加藤:初めまして、加藤 奈々美と申します。現在、私は『ゼクシィ』でPdMを担当しています。入社後から約4年間、『ゼクシィ』のウェブサイトやアプリのクライアント向けサービス「zebra 」の企画全般に携わってきました。

『ゼクシィ』のクライアントシステムである結婚式場やジュエリーショップの入稿システム「zebra 」

髙木:改めまして、髙木 友博と申します。不動産賃貸領域で、『SUUMO B2B』というプロダクトの企画リーダーを担当しています。『SUUMO B2B』は管理会社が物件情報を登録して公開できるシステムで、公開物件の中で良さそうな物件があれば、仲介会社はその物件をポータルサイト『SUUMO』に掲載することができます。

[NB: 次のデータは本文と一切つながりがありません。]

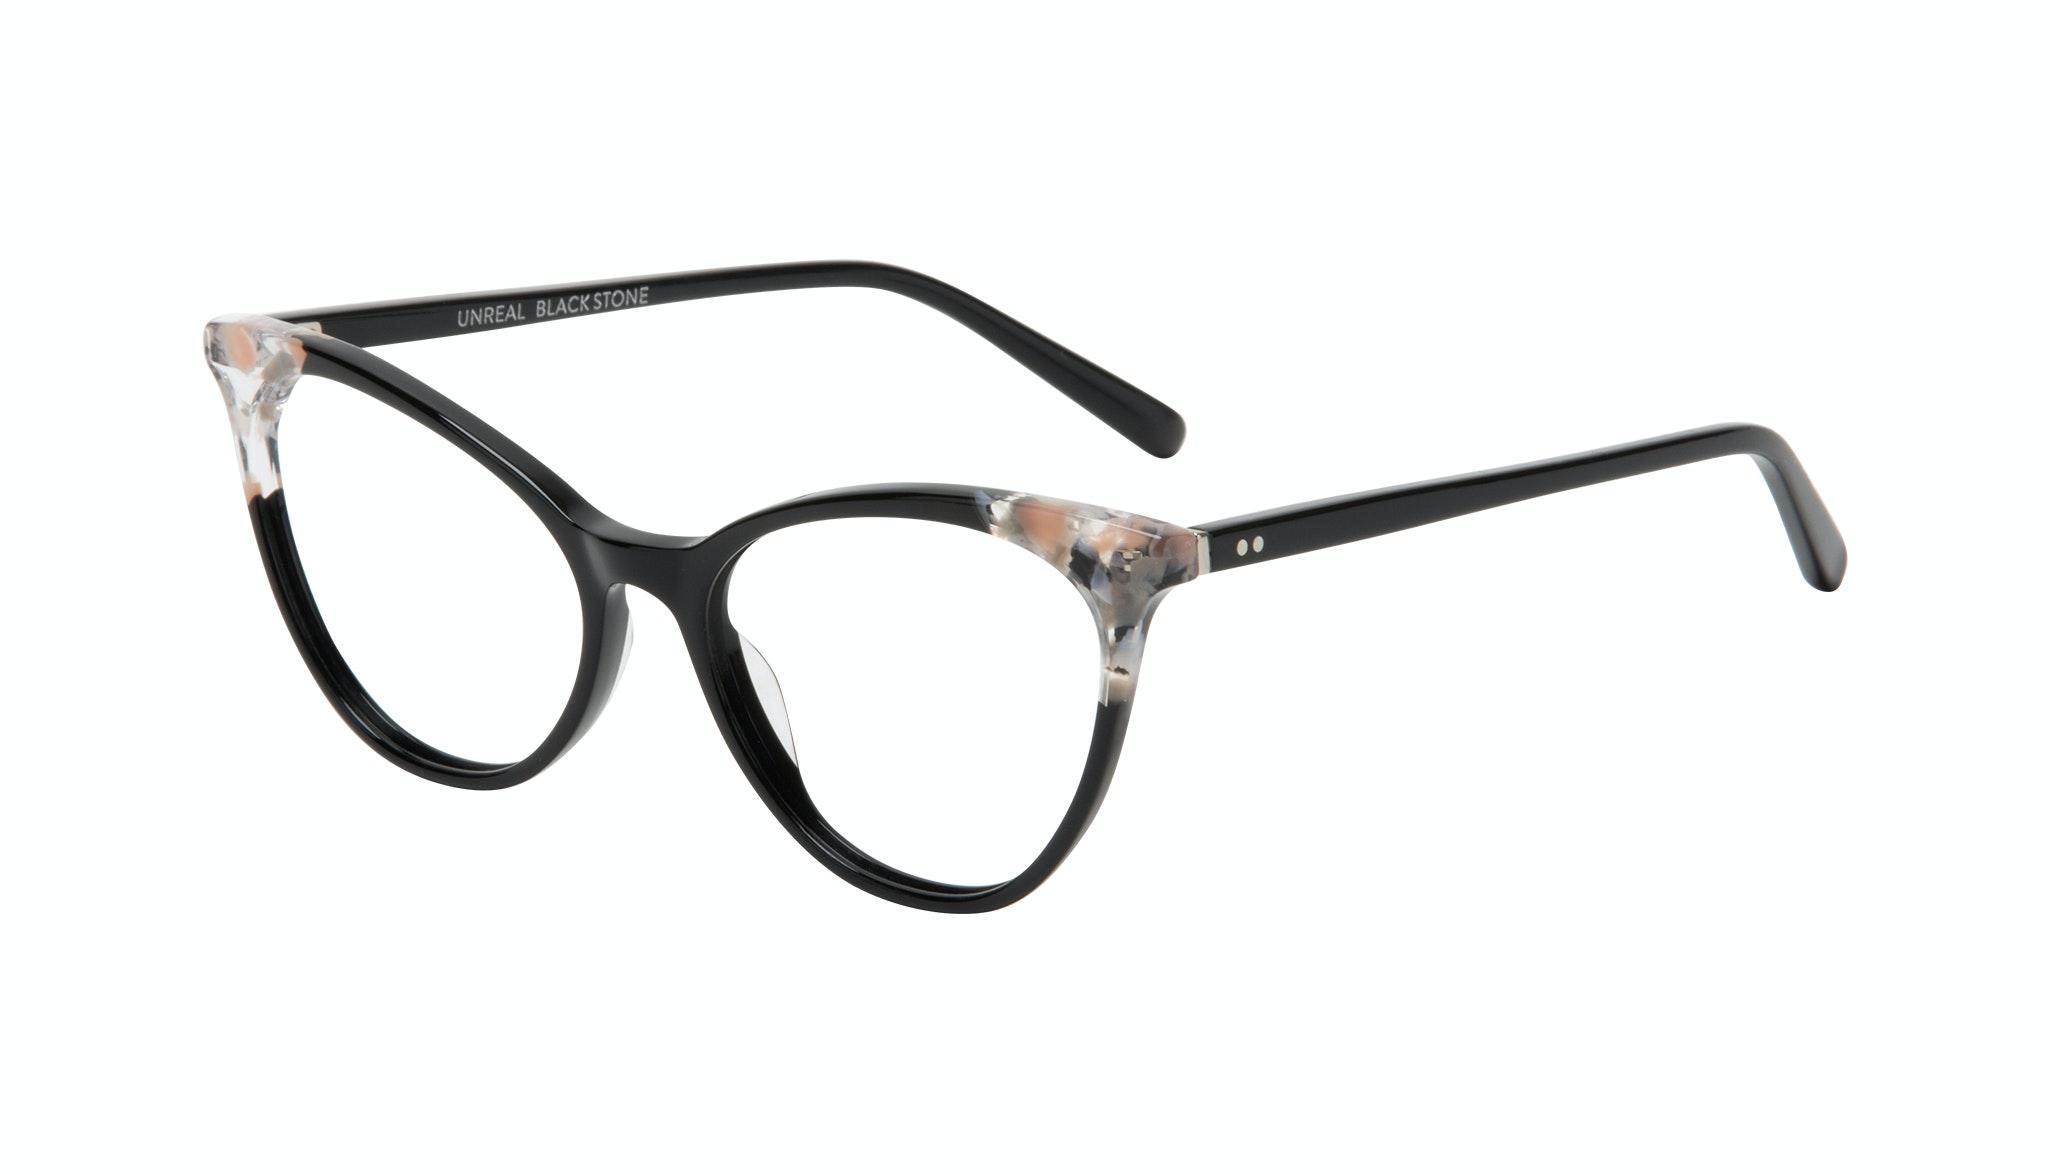 Affordable Fashion Glasses Cat Eye Eyeglasses Women Unreal Black Stone Tilt

『SUUMO B2B』は賃貸管理会社が仲介会社へ物件情報を提供するサービス

SIerからリクルートのPdMに転職したきっかけは?


反中:では、お二人がSIerからリクルートのPdMに転職したきっかけを教えてください。

髙木:私はもともと金融系のSIerで、海外送金システムの開発に携わっていました。そこではユーザー部門からの厳しい要求に応え、品質や納期を重視した開発をしていましたが、世の中にサービスを出しても、そこにあまりやりがいを感じられなかったんです。「自分自身でプロダクトを作った」「新しい付加価値を世の中に提供した」という達成感や実感を持てる事業会社で働いてみたいなと思ったことがきっかけです。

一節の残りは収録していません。